◆ Exercise aim
Everything from the first line of the entries below through the line holding "petites filles adorables" must be printed exactly as written.
════════
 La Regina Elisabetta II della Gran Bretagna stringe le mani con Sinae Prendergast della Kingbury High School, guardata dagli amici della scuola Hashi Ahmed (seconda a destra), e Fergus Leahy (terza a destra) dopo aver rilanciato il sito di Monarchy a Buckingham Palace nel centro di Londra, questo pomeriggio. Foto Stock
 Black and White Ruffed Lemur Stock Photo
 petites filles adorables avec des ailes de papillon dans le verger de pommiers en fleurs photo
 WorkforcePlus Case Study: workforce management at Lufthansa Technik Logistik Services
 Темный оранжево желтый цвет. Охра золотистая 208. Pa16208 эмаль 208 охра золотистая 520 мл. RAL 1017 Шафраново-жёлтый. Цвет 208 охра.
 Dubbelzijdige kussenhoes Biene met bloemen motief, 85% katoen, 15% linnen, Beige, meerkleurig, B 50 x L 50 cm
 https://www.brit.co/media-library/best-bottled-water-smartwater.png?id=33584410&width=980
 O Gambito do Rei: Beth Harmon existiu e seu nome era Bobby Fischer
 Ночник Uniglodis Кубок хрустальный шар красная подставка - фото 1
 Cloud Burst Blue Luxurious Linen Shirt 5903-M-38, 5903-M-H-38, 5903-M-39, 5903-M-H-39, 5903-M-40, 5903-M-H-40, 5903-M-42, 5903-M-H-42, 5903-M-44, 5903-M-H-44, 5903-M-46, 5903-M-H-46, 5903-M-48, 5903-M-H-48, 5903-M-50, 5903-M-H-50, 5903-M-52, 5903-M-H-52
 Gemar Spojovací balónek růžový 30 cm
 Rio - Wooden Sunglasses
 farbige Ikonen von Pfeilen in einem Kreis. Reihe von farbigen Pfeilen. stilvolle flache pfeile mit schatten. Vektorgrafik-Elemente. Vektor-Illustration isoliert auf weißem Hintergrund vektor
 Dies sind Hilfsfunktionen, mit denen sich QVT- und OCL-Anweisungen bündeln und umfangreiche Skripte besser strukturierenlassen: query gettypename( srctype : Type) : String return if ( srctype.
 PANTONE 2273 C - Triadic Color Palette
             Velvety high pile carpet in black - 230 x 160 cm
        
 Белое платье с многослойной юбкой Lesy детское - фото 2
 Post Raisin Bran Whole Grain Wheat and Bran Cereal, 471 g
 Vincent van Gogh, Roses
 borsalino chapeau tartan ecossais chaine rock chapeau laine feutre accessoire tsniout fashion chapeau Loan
════════
◆ Expected answer
 La Regina Elisabetta II della Gran Bretagna stringe le mani con Sinae Prendergast della Kingbury High School, guardata dagli amici della scuola Hashi Ahmed (seconda a destra), e Fergus Leahy (terza a destra) dopo aver rilanciato il sito di Monarchy a Buckingham Palace nel centro di Londra, questo pomeriggio. Foto Stock
 Black and White Ruffed Lemur Stock Photo
 petites filles adorables avec des ailes de papillon dans le verger de pommiers en fleurs photo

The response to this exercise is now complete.